# Dataset content
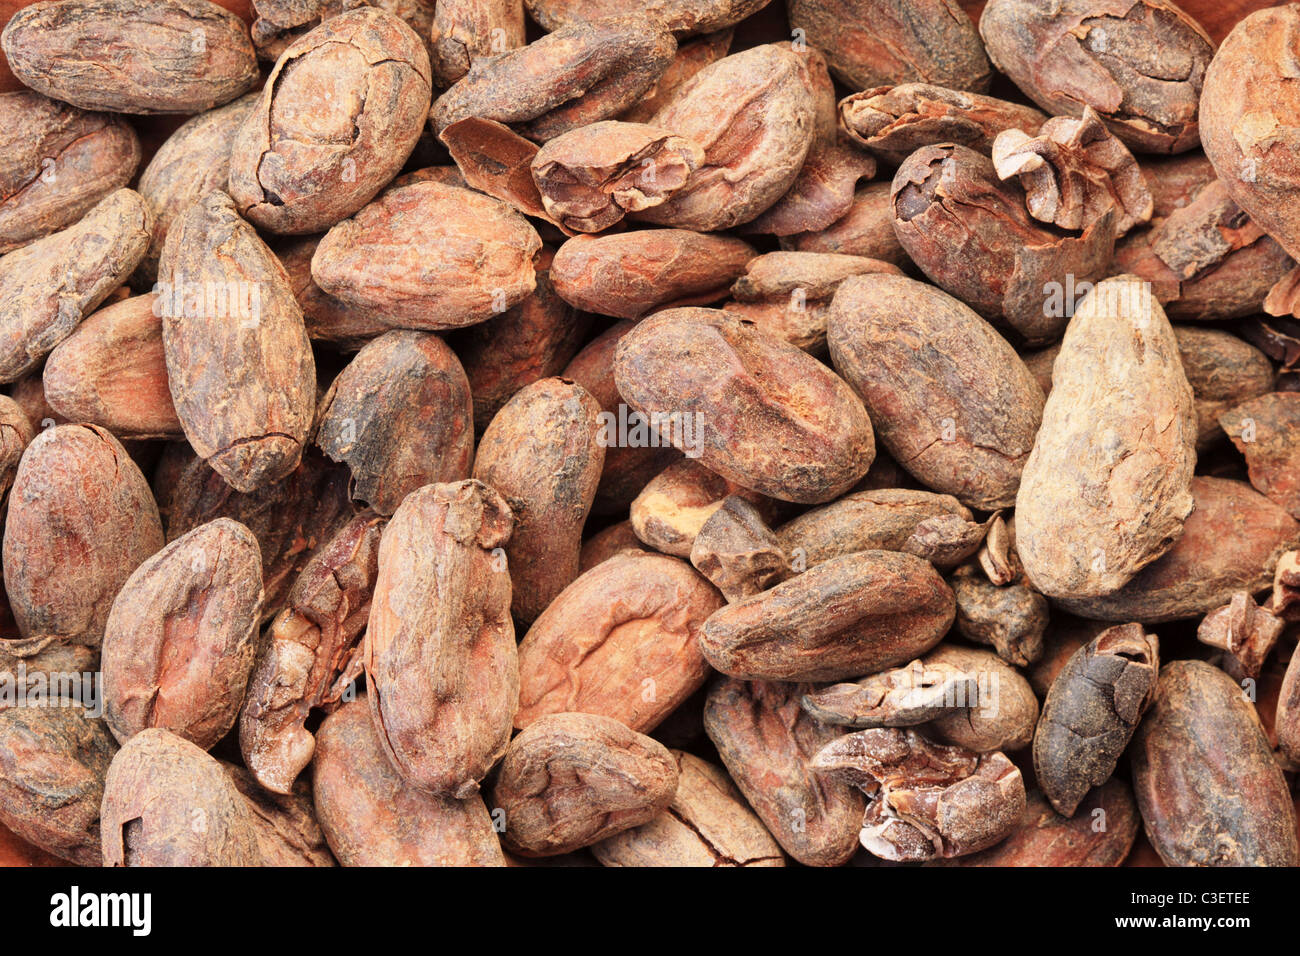 Image de fond de cacao ou de fèves de cacao Banque D'Images
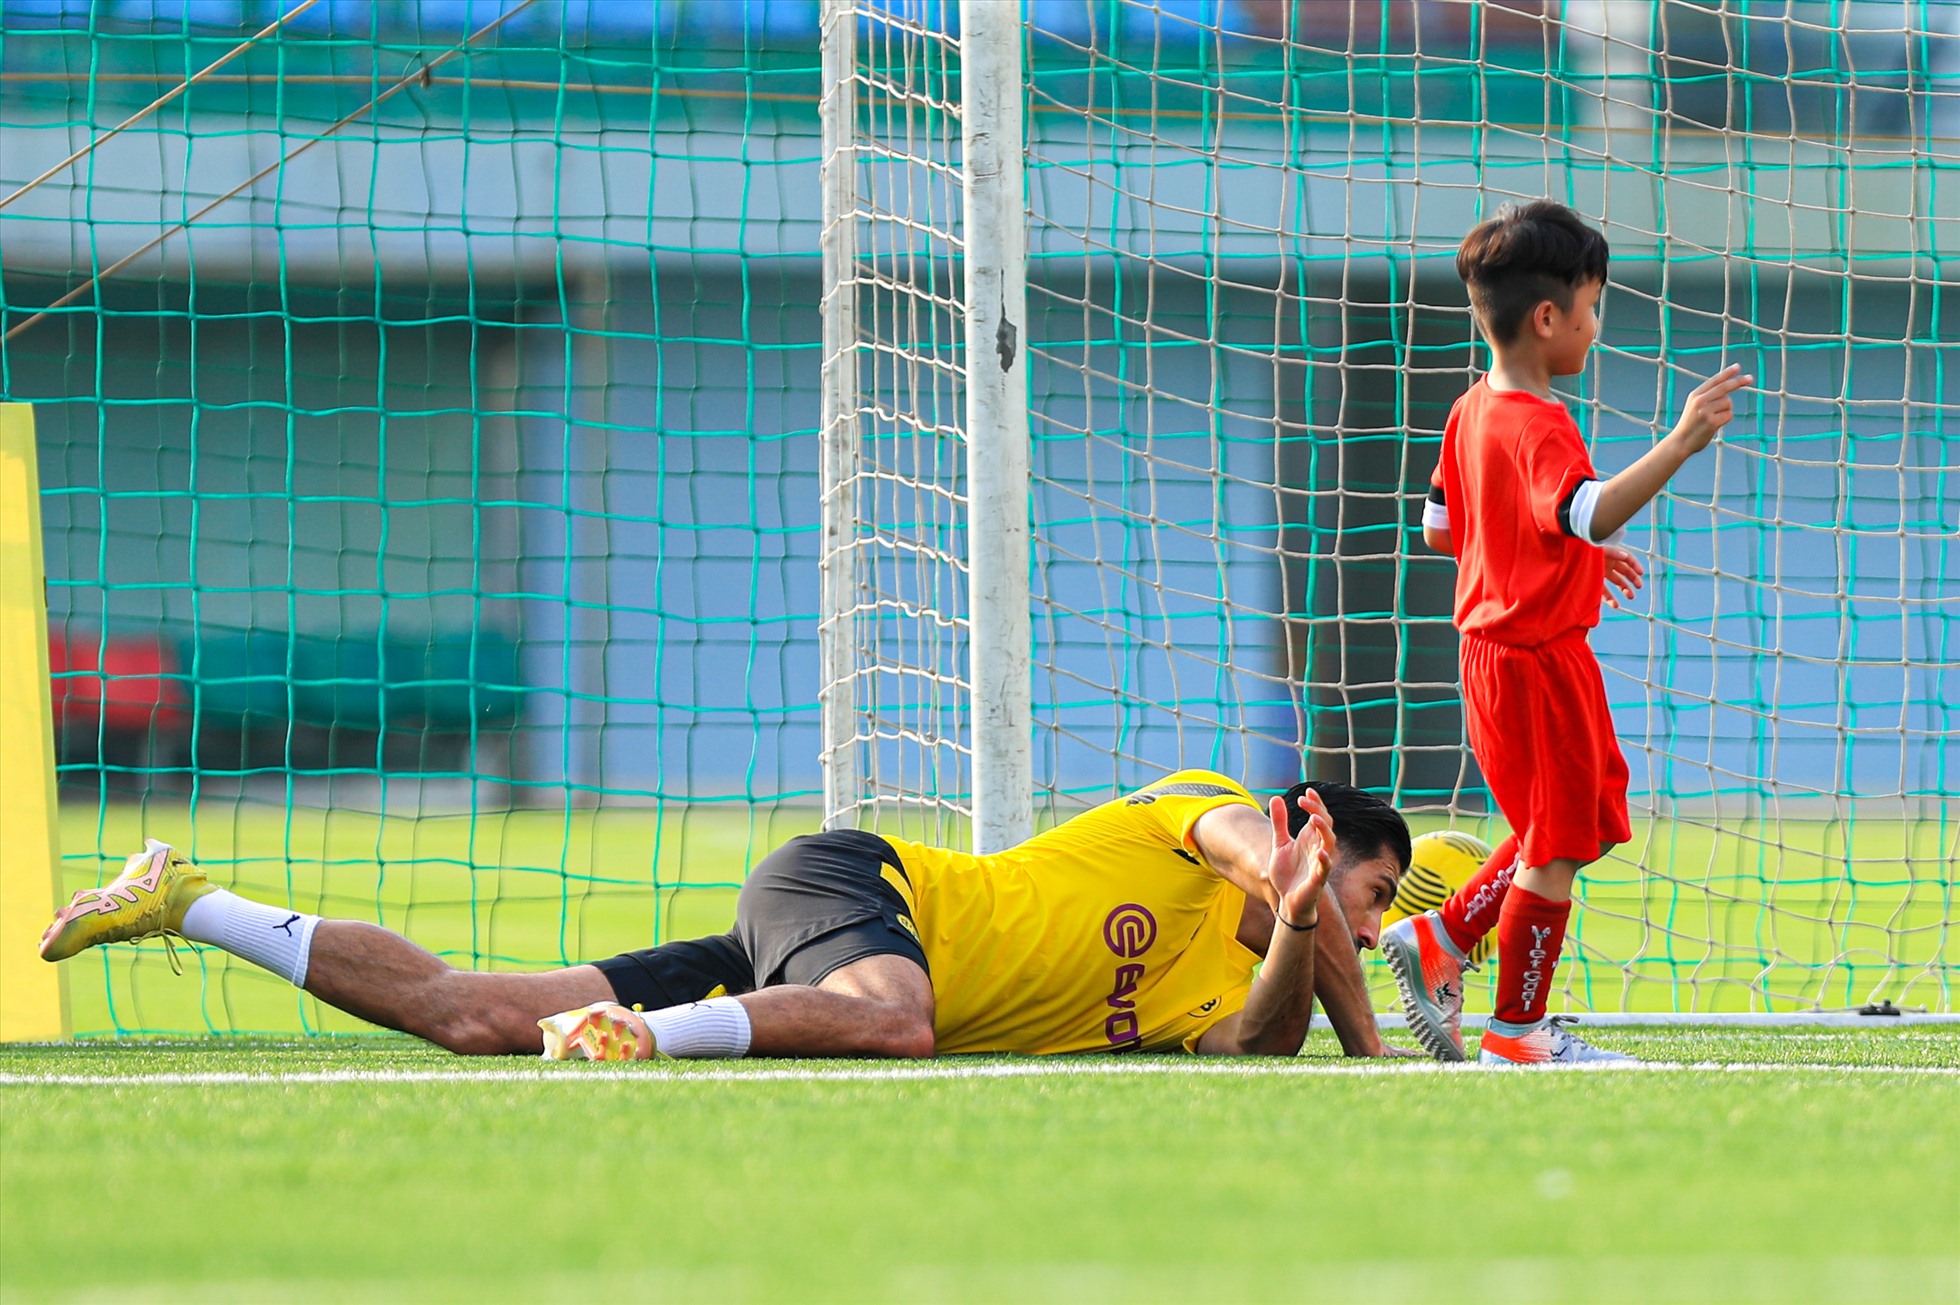 Trận đấu chỉ kéo dài khoảng 10 phút kết thúc với tỉ số 4-0 nghiêng về các cầu thủ nhí Việt Nam.
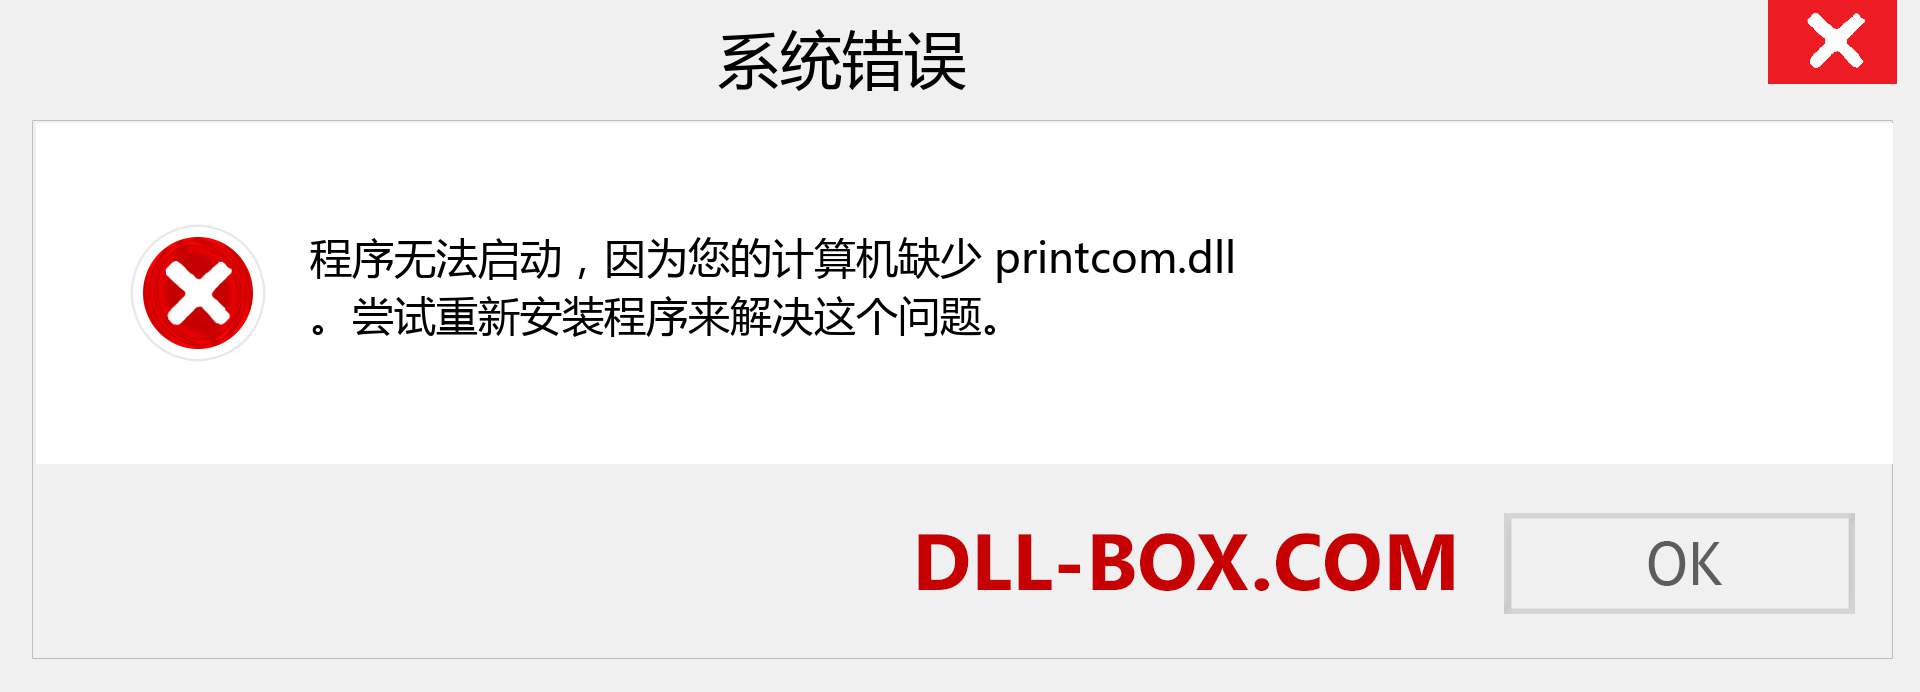 printcom.dll 文件丢失？。 适用于 Windows 7、8、10 的下载 - 修复 Windows、照片、图像上的 printcom dll 丢失错误
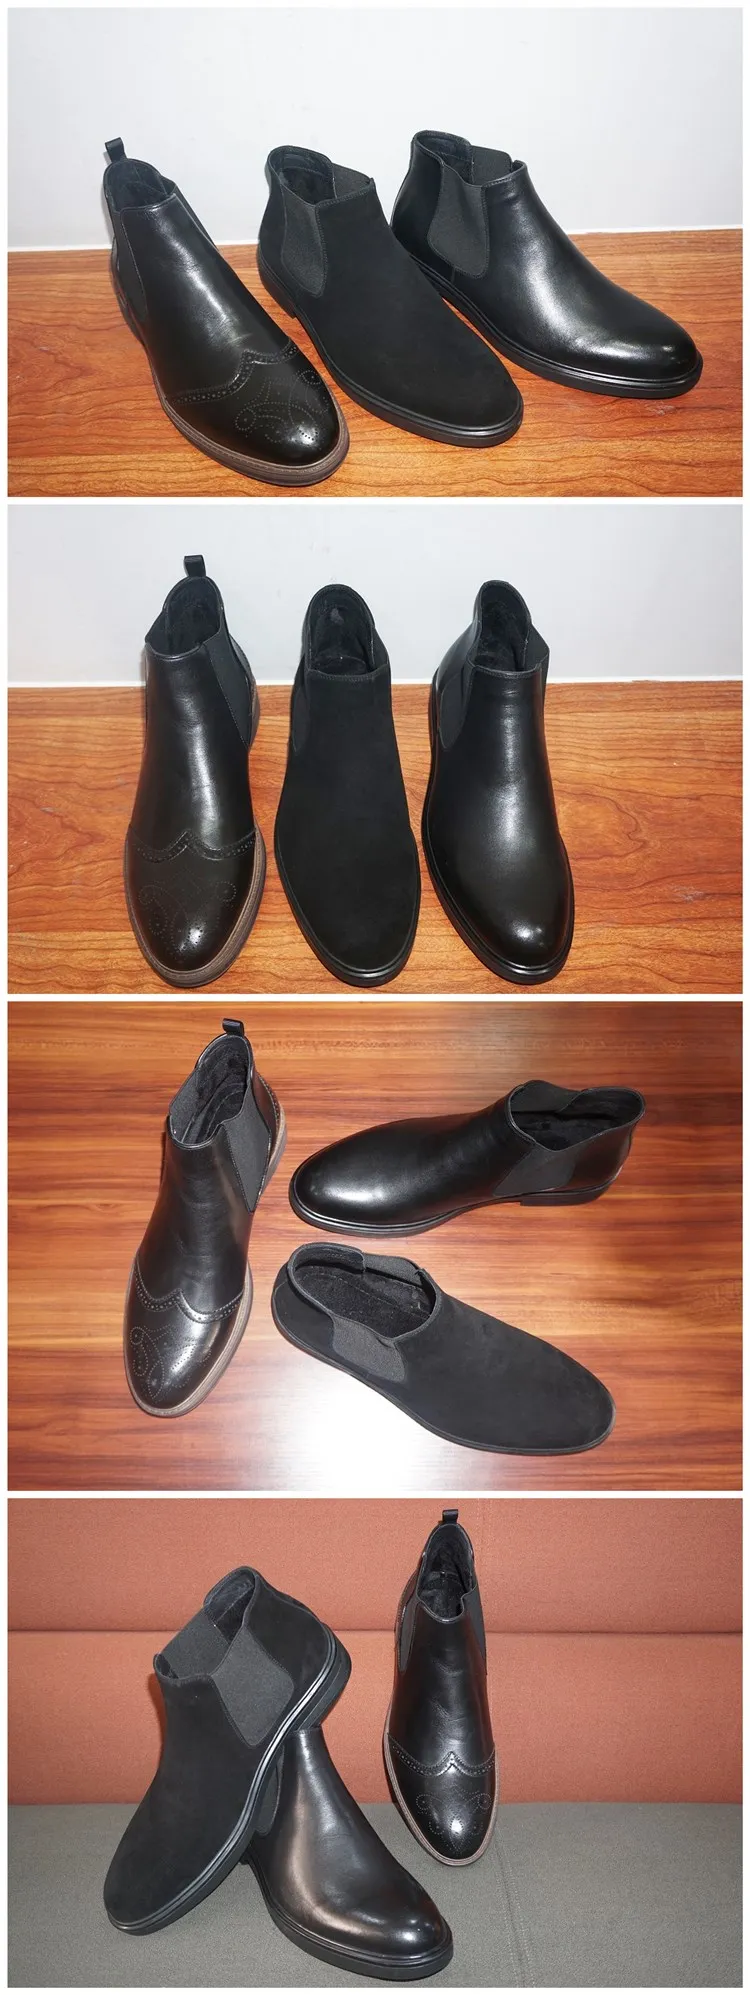 Bottes Chelsea en cuir italien noir Chaussures Chaussures homme Bottes Chaussures d’ascenseur augmentant la hauteur de 3 pouces

# Aim of the task
Set down the whole listing exactly as given, except for the pictures.

# Answer to the problem
 Image de fond de cacao ou de fèves de cacao Banque D'Images
 Trận đấu chỉ kéo dài khoảng 10 phút kết thúc với tỉ số 4-0 nghiêng về các cầu thủ nhí Việt Nam.
 printcom.dll 文件丢失？。 适用于 Windows 7、8、10 的下载 - 修复 Windows、照片、图像上的 printcom dll 丢失错误
 Bottes Chelsea en cuir italien noir Chaussures Chaussures homme Bottes Chaussures d’ascenseur augmentant la hauteur de 3 pouces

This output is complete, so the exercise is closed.